Understanding, Predicting and Better Resolving Q-Value Divergence in Offline-RL

The divergence of the Q-value estimation has been a prominent issue in offline RL, where the agent has no access to real dynamics. Traditional beliefs attribute this instability to querying out-of-distribution actions when bootstrapping value targets. Though this issue can be alleviated with policy constraints or conservative Q estimation, a theoretical understanding of the underlying mechanism causing the divergence has been absent. In this work, we aim to thoroughly comprehend this mechanism and attain an improved solution.

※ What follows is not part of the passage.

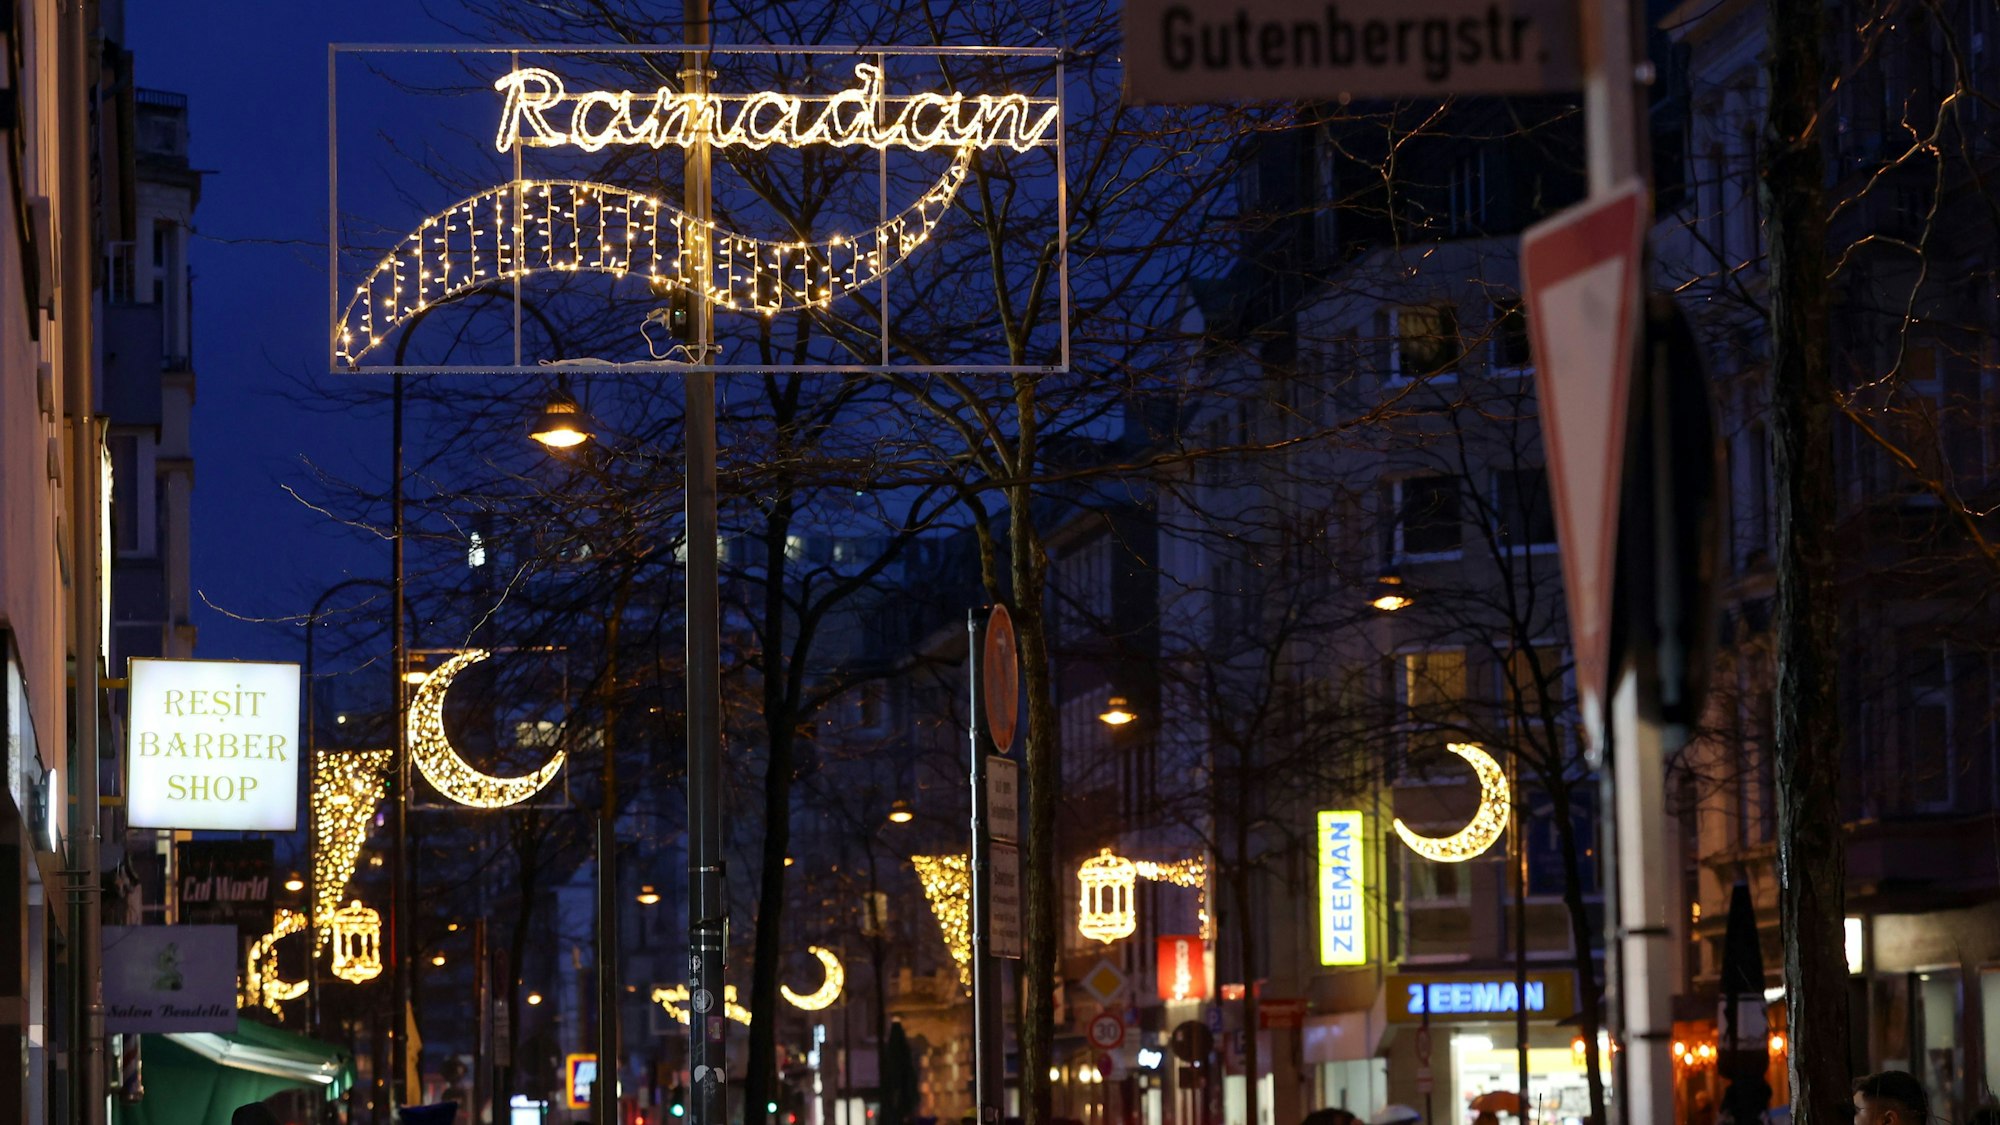 Die Ramadan-Beleuchtung an der Venloer Straße mit Ramadan-Schriftzug und Halbmonden

We first identify a fundamental pattern, self-excitation, as the primary cause of Q-value estimation divergence in offline RL. Then, we propose a novel Self-Excite Eigenvalue Measure (SEEM) metric based on Neural Tangent Kernel (NTK) to measure the evolving property of Q-network at training, which provides an intriguing explanation of the emergence of divergence. For the first time, our theory can reliably decide whether the training will diverge at an early stage, and even predict the order of the growth for the estimated Q-value, the model's norm, and the crashing step when an SGD optimizer is used. The experiments demonstrate perfect alignment with this theoretic analysis. Building on our insights, we propose to resolve divergence from a novel perspective, namely improving the model's architecture for better extrapolating behavior. Through extensive empirical studies, we identify LayerNorm as a good solution to effectively avoid divergence without introducing detrimental bias, leading to superior performance. Experimental results prove that it can still work in some most challenging settings, i.e. using only 1 transitions of the dataset, where all previous methods fail. Moreover, it can be easily plugged into modern offline RL methods and achieve SOTA results on many challenging tasks. We also give unique insights into its effectiveness.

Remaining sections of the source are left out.